Blood: This test is based on the pseudo-peroxidative activity of haemoglobin, which catalyses the reaction between diisopropylbenzole and 3,3‘,5,5‘ tetramethylbenzidine. This results in changes of colour ranging from orange through green to dark blue. Every green or greenish spot that appears in the reaction field within one minute is significant; the urine sample should be investigated more closely. In the case of menstruating women, blood is often, but not always, found in the urine. The significance of the detection of minor traces of blood in the urine varies from patient to patient, so that these samples need to be clinically investigated.
Nitrite: This test is based on the conversion of nitrate into nitrite owing to the presence of gram-negative bacteria in the urine. In an acidic environment the nitrite in the urine reacts with P-arsanilic acid to produce a diazonium compound. This compound then combines with 1 N-(1-naphthyl)-ethylene- diamine and produces pink coloration. Nitrite is not detectable in normal urine.1 With certain infections the nitrite field is positive, depending on how long the urine was held in the bladder before testing. Only 40 % of positive cases are detected by means of the nitrite test if the urine was only incubated in the bladder for a short period; however, the detection rate rises to 80 % if the urine was in the bladder for longer than 4 hours.

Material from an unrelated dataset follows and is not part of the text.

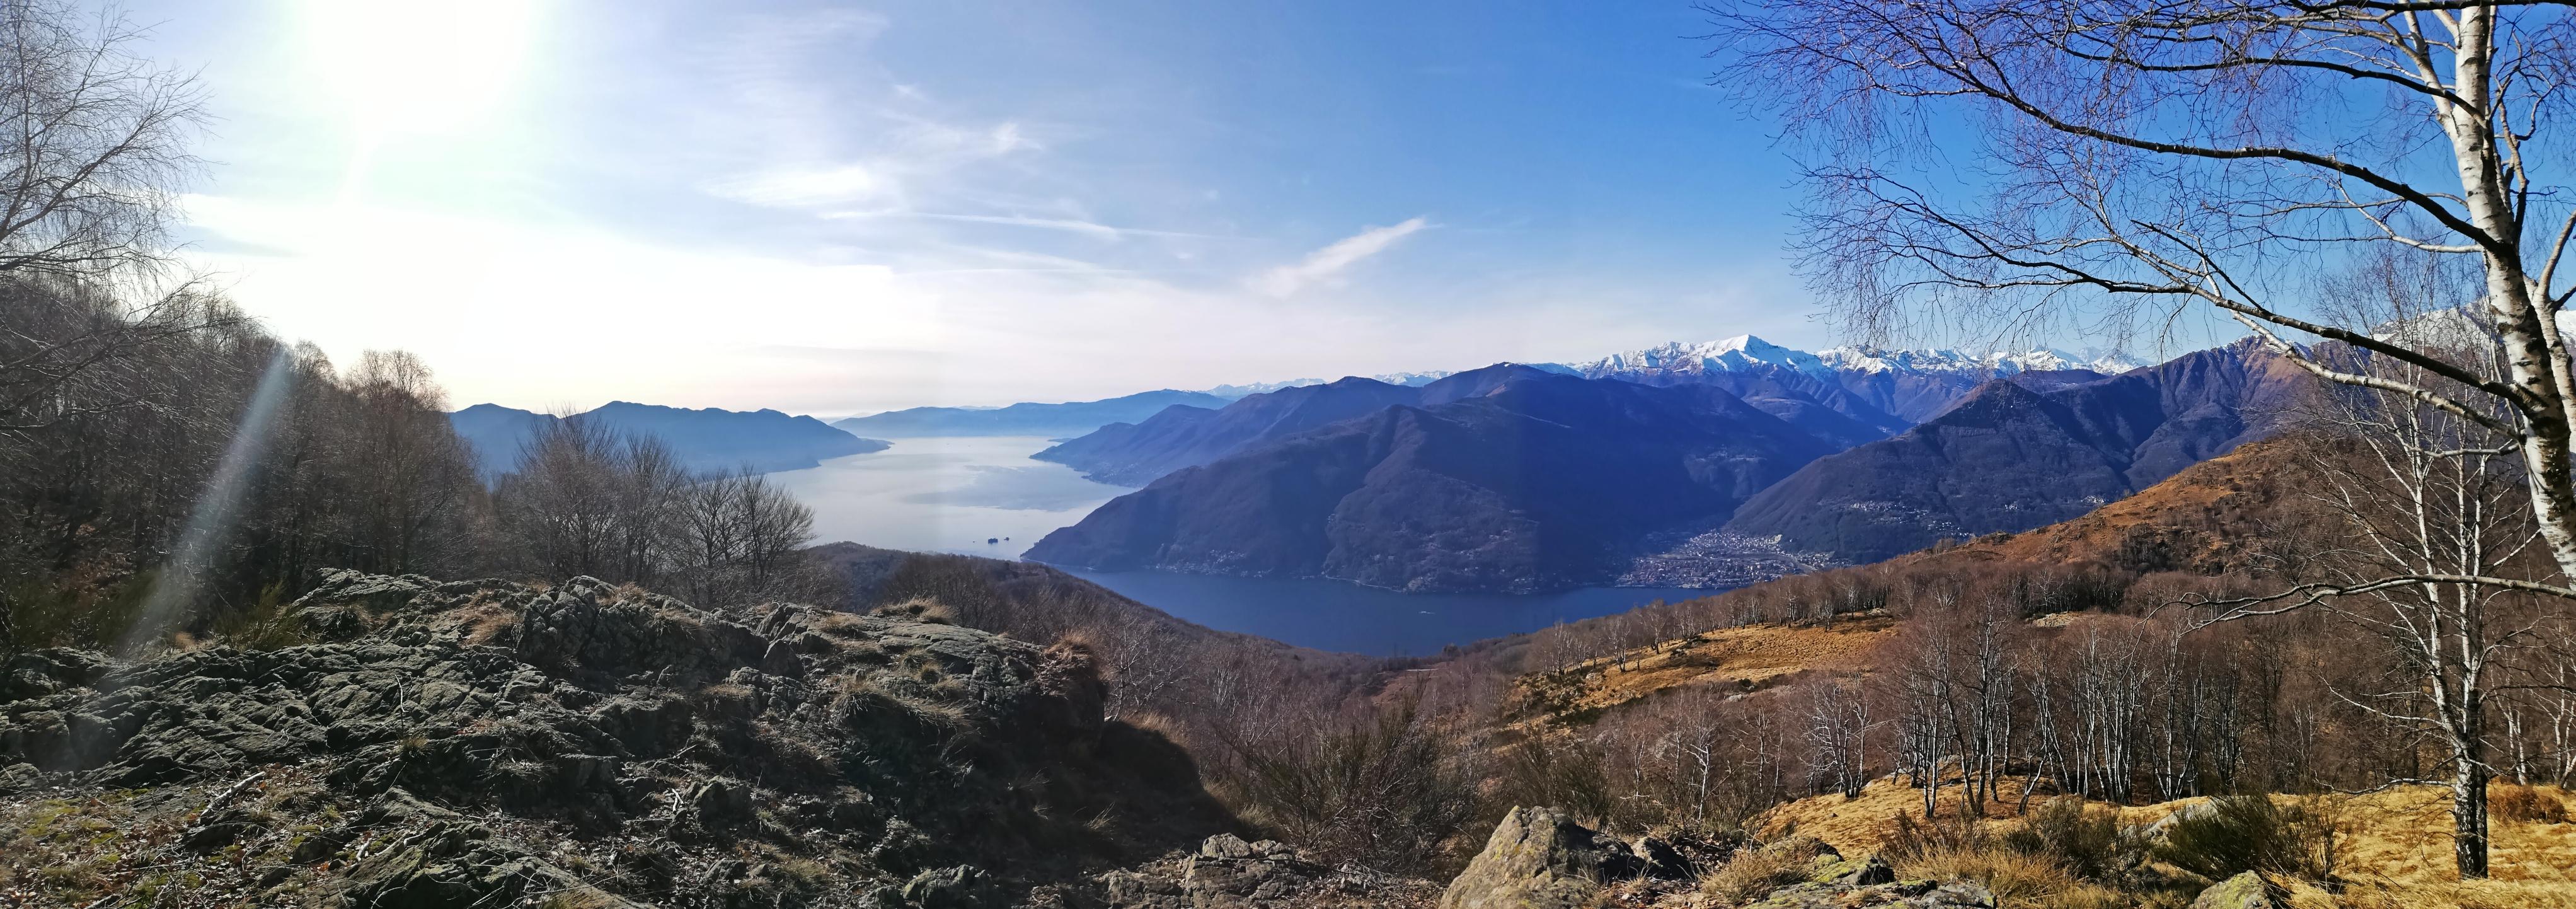 Lago Maggiore escursioni dal passo Forcora al Monte Covreto Alpi

Protein: This reaction is based on a phenomenon known as the “protein error” of pH indicators; a highly buffered indicator changes its colour in the presence of proteins (anions) as a result of the indicator releasing hydrogen ions into the protein. When the pH value is constant, any green colour is due to the presence of protein. The coloration ranges from yellow to yellowish green in the case of negative results and from green to greenish blue in the case of positive results. 1 – 14 mg/dl protein can be excreted by healthy kidneys. Any coloration of the test field that is more intensive than the reference field is a clear indication of proteinuria. If urine has a high density, the colour on the test field may match that on the colour chart even with normal protein concentrations. Medical advice should be sought in order to evaluate the significance of traces of protein.